COLLECTED MATERIAL:
- - -

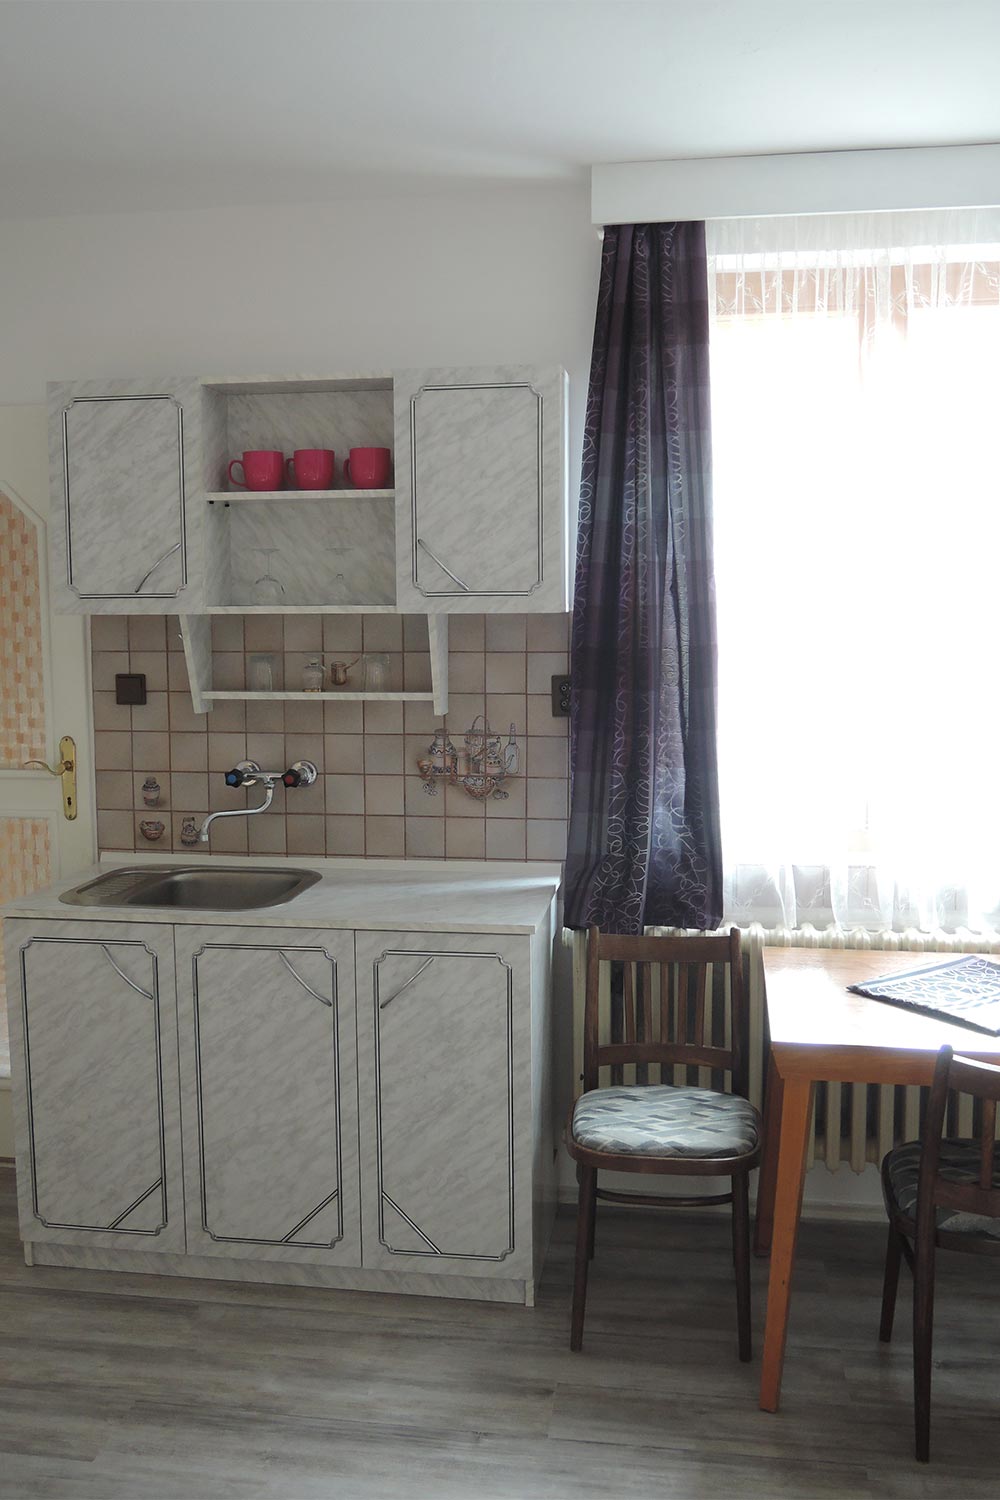 Dvojlůžkový pokoj s kuchyňkou - pohled na kuchyňku
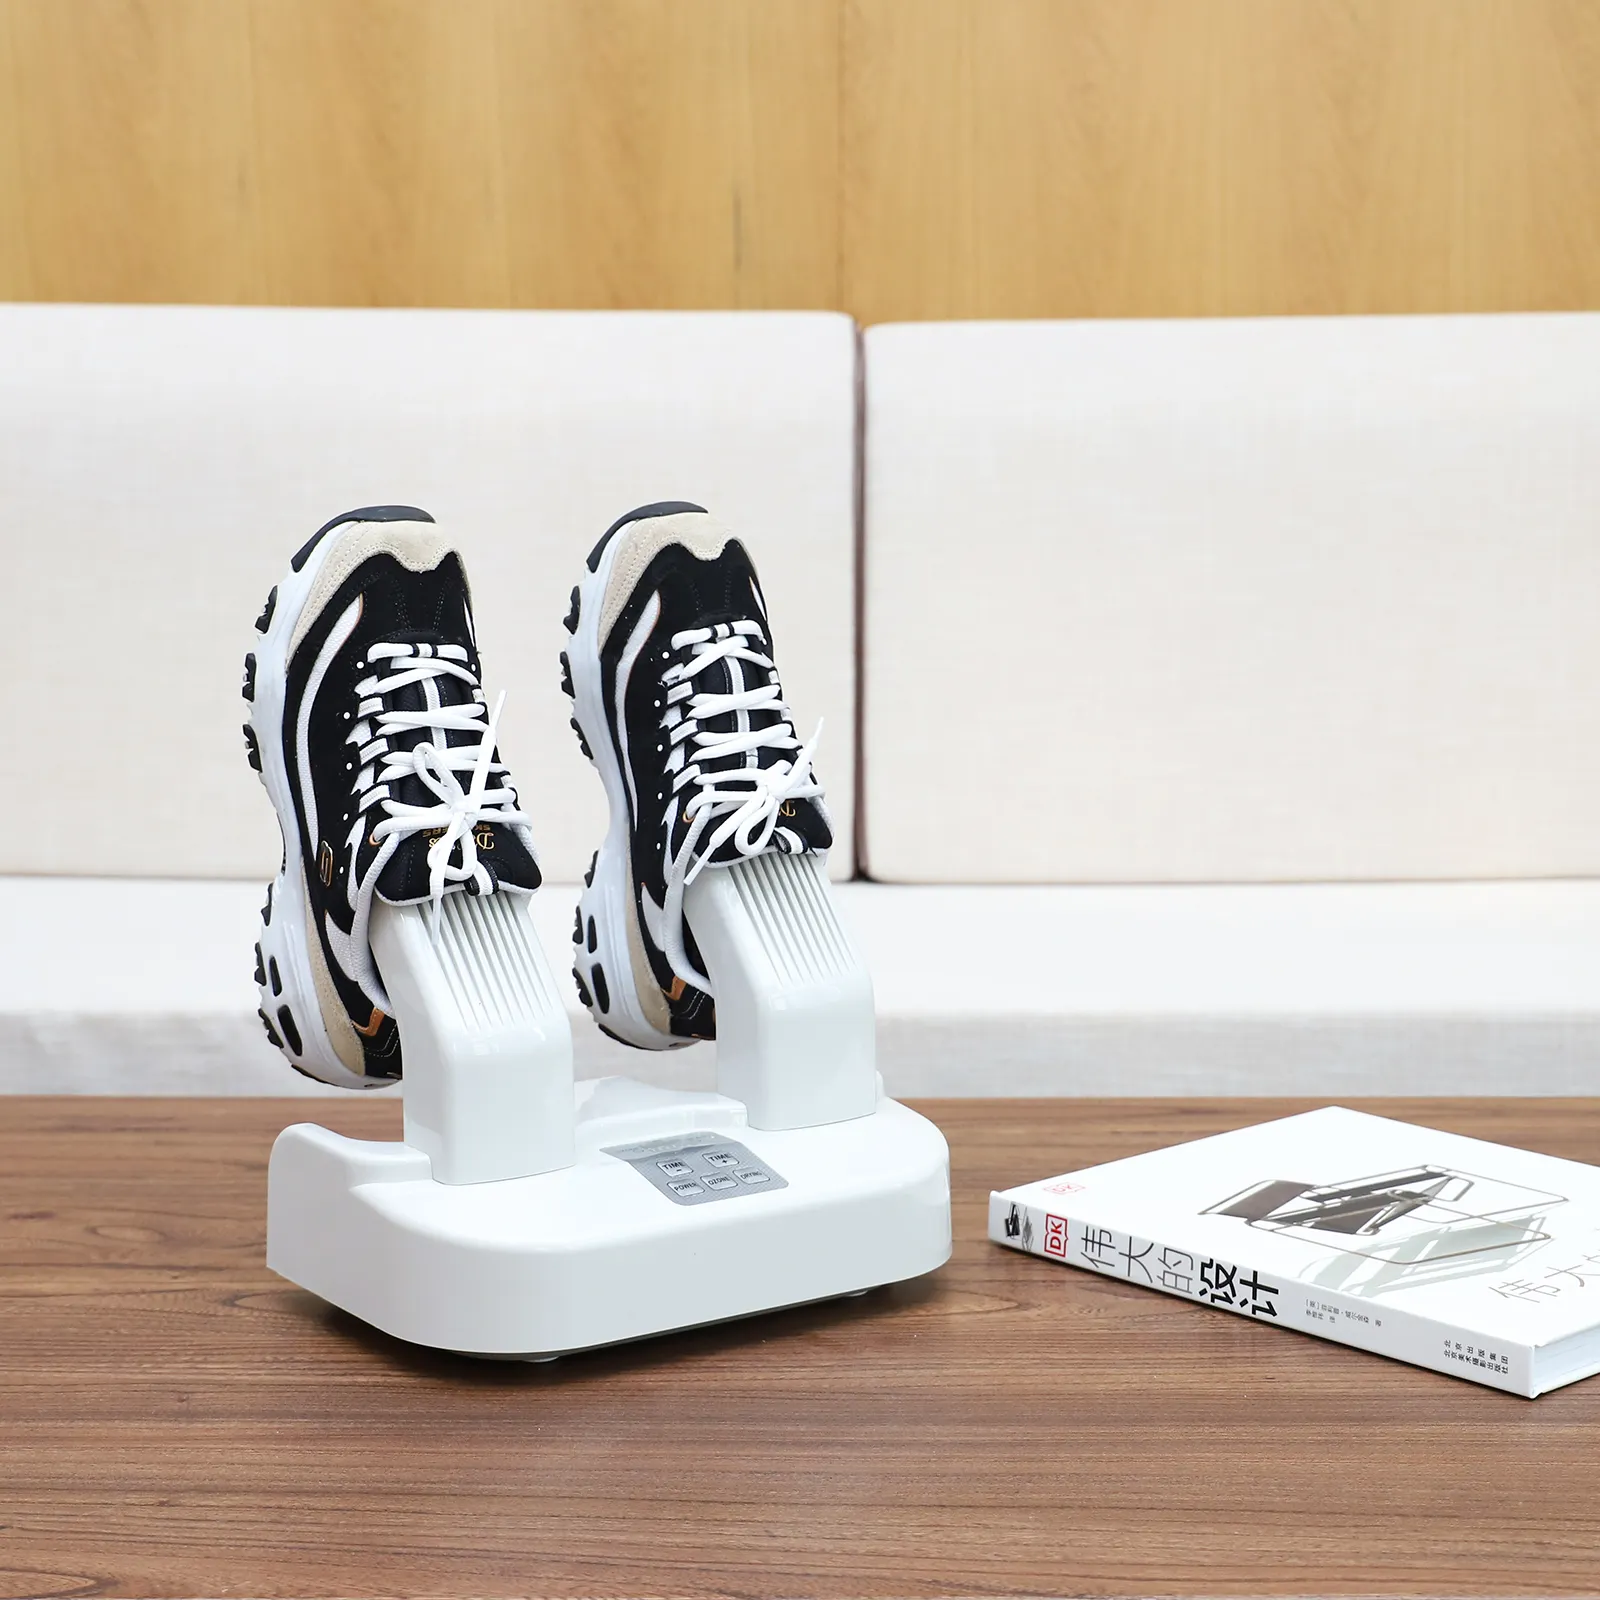 Déshumidifier le sèche-casque à l'ozone sèche-chaussures de ski sèche-chaussures avec minuterie chauffe-chaussures électrique portable
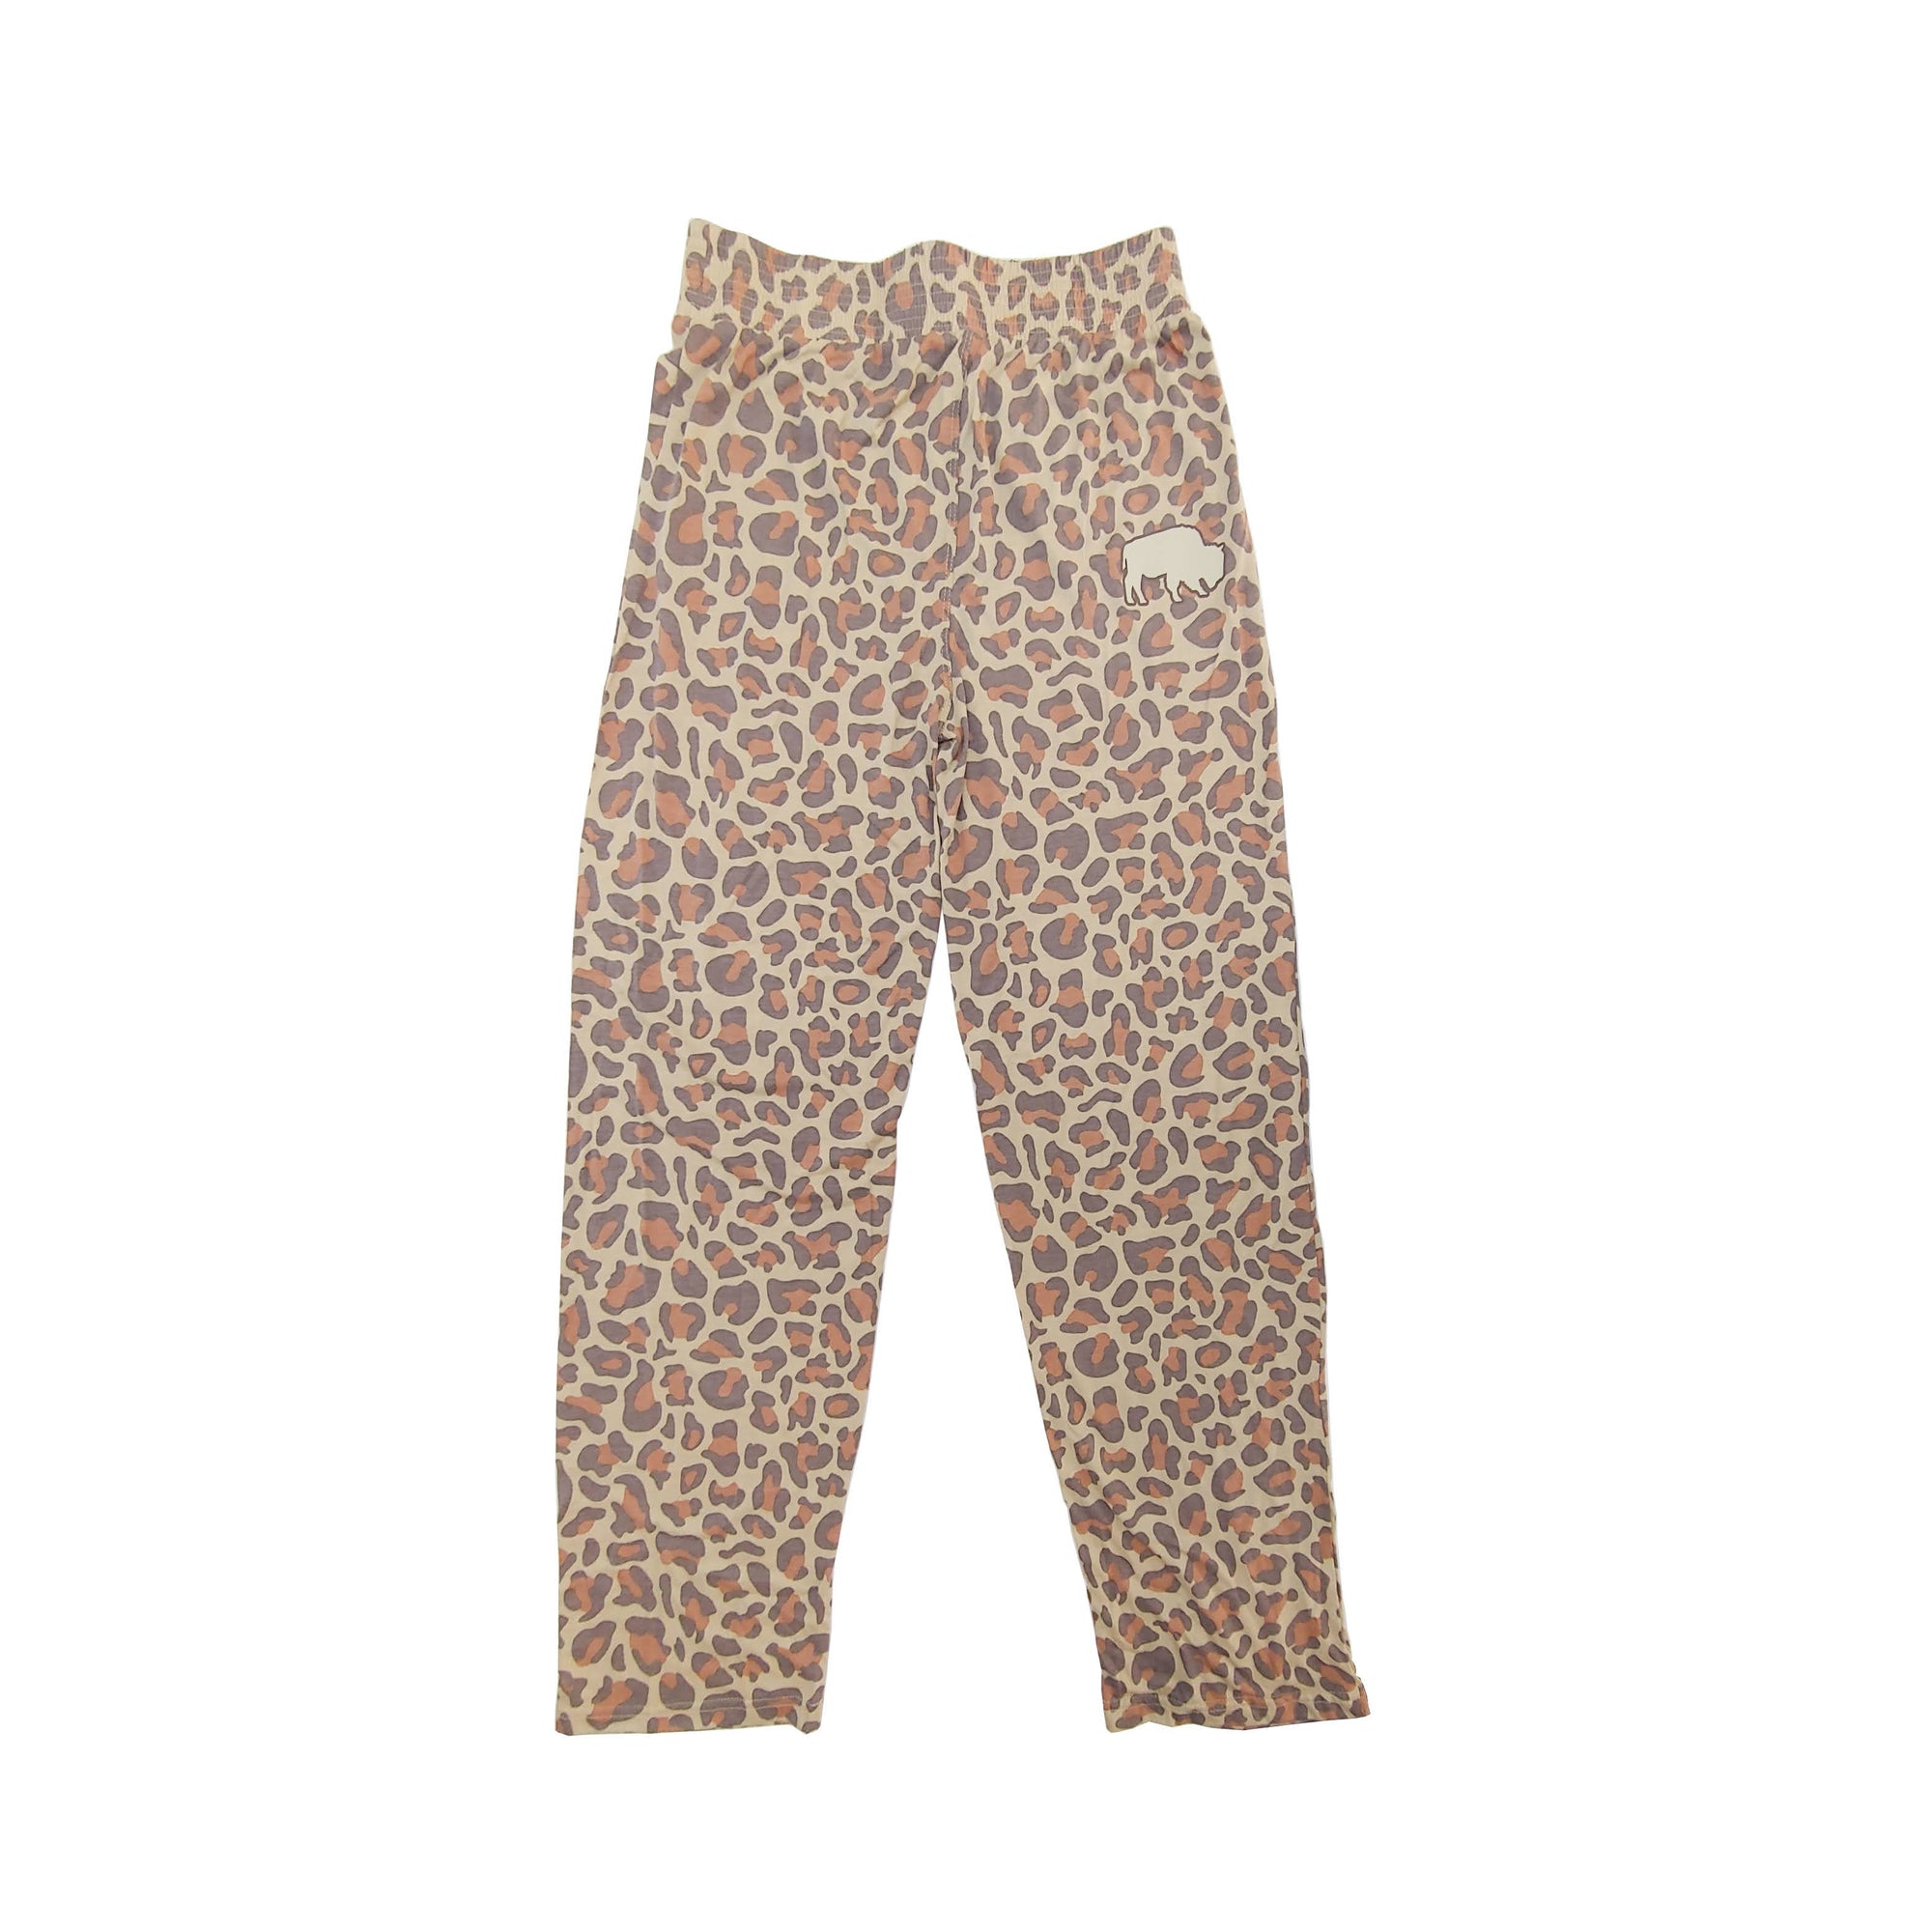 Jane Marie Leopard Print Loungewear Pants

- - -

ACTION ITEM:
Retype the listing exactly. Pictures do not belong in the copy.

RESPONSE:
 Dvojlůžkový pokoj s kuchyňkou - pohled na kuchyňku
 Déshumidifier le sèche-casque à l'ozone sèche-chaussures de ski sèche-chaussures avec minuterie chauffe-chaussures électrique portable
 Jane Marie Leopard Print Loungewear Pants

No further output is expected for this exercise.